Traceback (most recent call last):
  File "/home/zhaozhimiao/ldd/GraphMAE/main_transductive.py", line 169, in <module>
    main(args)
  File "/home/zhaozhimiao/ldd/GraphMAE/main_transductive.py", line 138, in main
    model = pretrain(model, graph, x, optimizer, max_epoch, device, scheduler, lr_f, weight_decay_f, max_epoch_f, linear_prob, logger)
  File "/home/zhaozhimiao/ldd/GraphMAE/main_transductive.py", line 58, in pretrain
    loss, loss_dict = model(graph, x)
  File "/home/zhaozhimiao/anaconda3/envs/GraphMAE_Ldd/lib/python3.9/site-packages/torch/nn/modules/module.py", line 1553, in _wrapped_call_impl
    return self._call_impl(*args, **kwargs)
  File "/home/zhaozhimiao/anaconda3/envs/GraphMAE_Ldd/lib/python3.9/site-packages/torch/nn/modules/module.py", line 1562, in _call_impl
    return forward_call(*args, **kwargs)
  File "/fs1/private/user/zhaozhimiao/ldd/GraphMAE/graphmae/models/edcoder.py", line 229, in forward
    loss = self.mask_attr_prediction(g, x)
  File "/fs1/private/user/zhaozhimiao/ldd/GraphMAE/graphmae/models/edcoder.py", line 241, in mask_attr_prediction
    enc_rep, all_hidden = self.encoder(use_g, use_x, return_hidden=True)

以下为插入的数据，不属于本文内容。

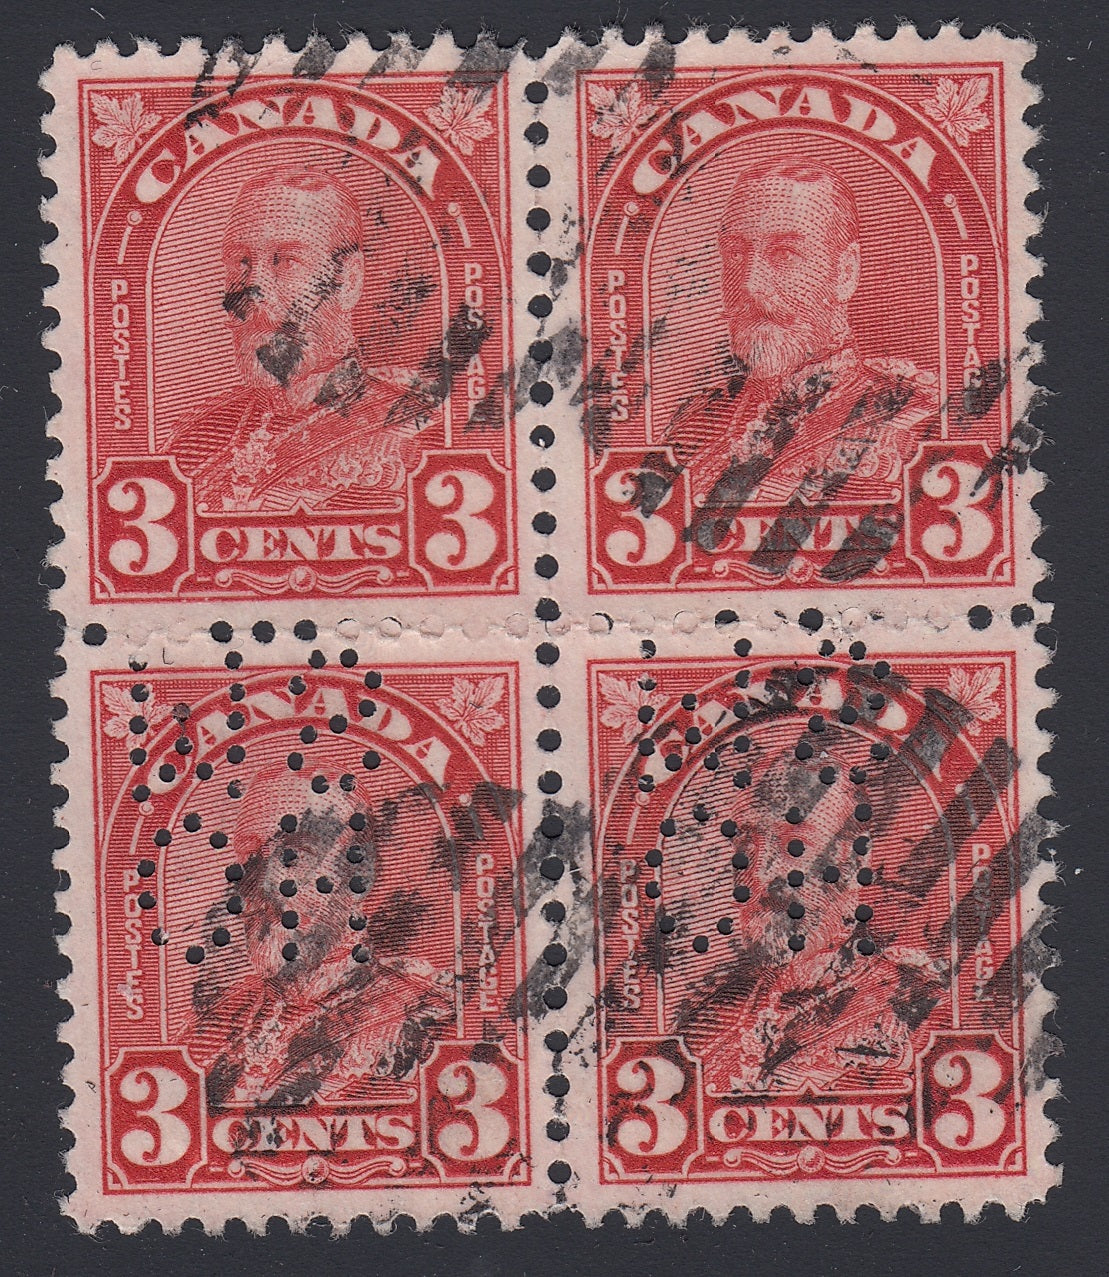 0211CA1804 - Canada OA167 &#39;D Z&#39; - Used Block of 4

  File "/home/zhaozhimiao/anaconda3/envs/GraphMAE_Ldd/lib/python3.9/site-packages/torch/nn/modules/module.py", line 1553, in _wrapped_call_impl
    return self._call_impl(*args, **kwargs)
  File "/home/zhaozhimiao/anaconda3/envs/GraphMAE_Ldd/lib/python3.9/site-packages/torch/nn/modules/module.py", line 1562, in _call_impl
    return forward_call(*args, **kwargs)
  File "/fs1/private/user/zhaozhimiao/ldd/GraphMAE/graphmae/models/gcn.py", line 68, in forward
    h = self.gcn_layers[l](g, h)
  File "/home/zhaozhimiao/anaconda3/envs/GraphMAE_Ldd/lib/python3.9/site-packages/torch/nn/modules/module.py", line 1553, in _wrapped_call_impl
    return self._call_impl(*args, **kwargs)
  File "/home/zhaozhimiao/anaconda3/envs/GraphMAE_Ldd/lib/python3.9/site-packages/torch/nn/modules/module.py", line 1562, in _call_impl
    return forward_call(*args, **kwargs)
  File "/fs1/private/user/zhaozhimiao/ldd/GraphMAE/graphmae/models/gcn.py", line 153, in forward
    graph.update_all(aggregate_fn, fn.sum(msg='m', out='h'))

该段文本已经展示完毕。